Hedda Hopper claims Hunter was considering Gregory Peck and William Holden for the lead until she suggested John Gavin.

It was nominated for an Oscar for Best Costume Design, Color (Jean Louis). Unlike the previous film versions, this one gives Susan Hayward plenty of opportunity to appear in Jean Louis's spectacular gowns. This was a trademark of Ross Hunter's remakes of older "weepies"; he employed the same method in Lana Turner's versions of Imitation of Life and Madame X.

Of all three screen versions of Back Street, this 1961 production took the most dramatic license with the novel. It is different from both the 1932 and 1941 screen versions in many ways – changing the names of several characters and updating the story to what was then the present day. Good examples of how the plotline was sensationalized in this third version are the attempted suicide and the fatal car crash.

==Plot==
Wealthy department-store heir Paul Saxon has a romantic fling with a Nebraska dress-shop owner, Rae Smith, who breaks it off when she discovers he is married.

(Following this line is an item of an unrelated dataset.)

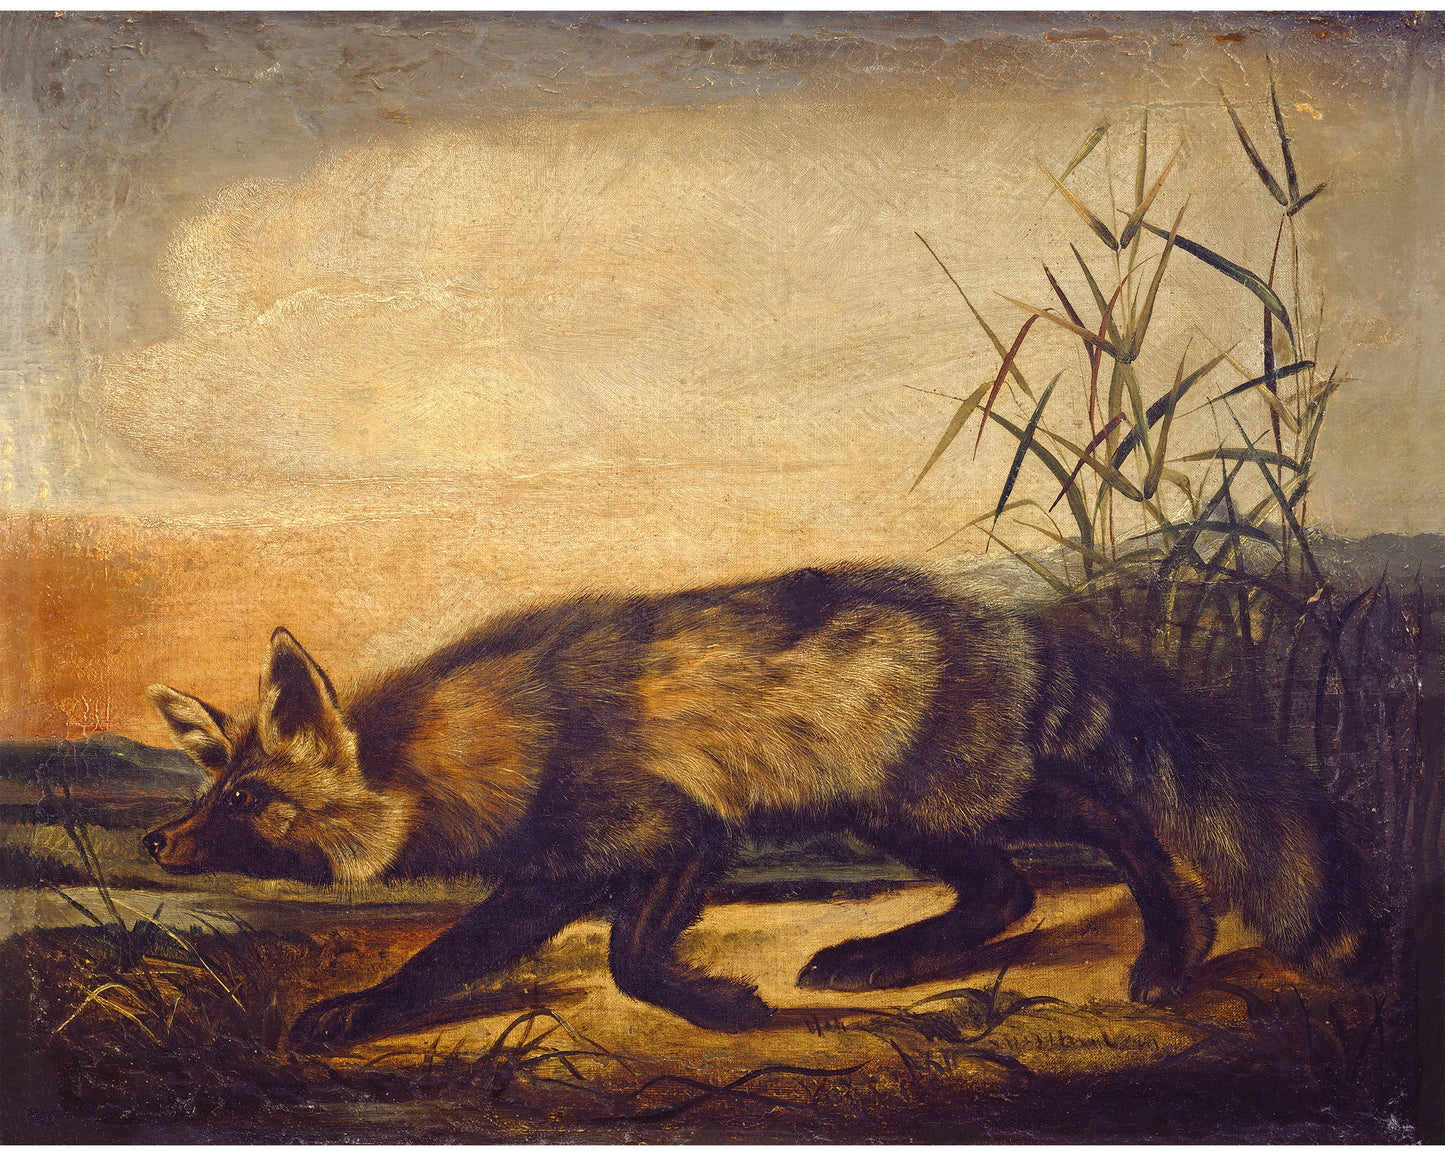 Vintage fox print | John Woodhouse Audubon | Red fox painting | Antique animal art | Woodland wall art | Moody natural history

Rae moves to New York to become a fashion designer, then on to Rome to become the famed Dalian's partner in a salon. Paul continues to woo her, explaining that his alcoholic wife Liz won't grant him a divorce and is unstable, having tried to commit suicide.

Her resistance lowered, Rae becomes the lover of Paul, meeting secretly with him at a house near Paris that he buys. Paul's son learns of the affair and demands that Rae stop seeing his father. Liz makes a public scene humiliating Rae at a charity fashion show featuring her designs, purchasing the closing creation, a wedding gown, for $10,000.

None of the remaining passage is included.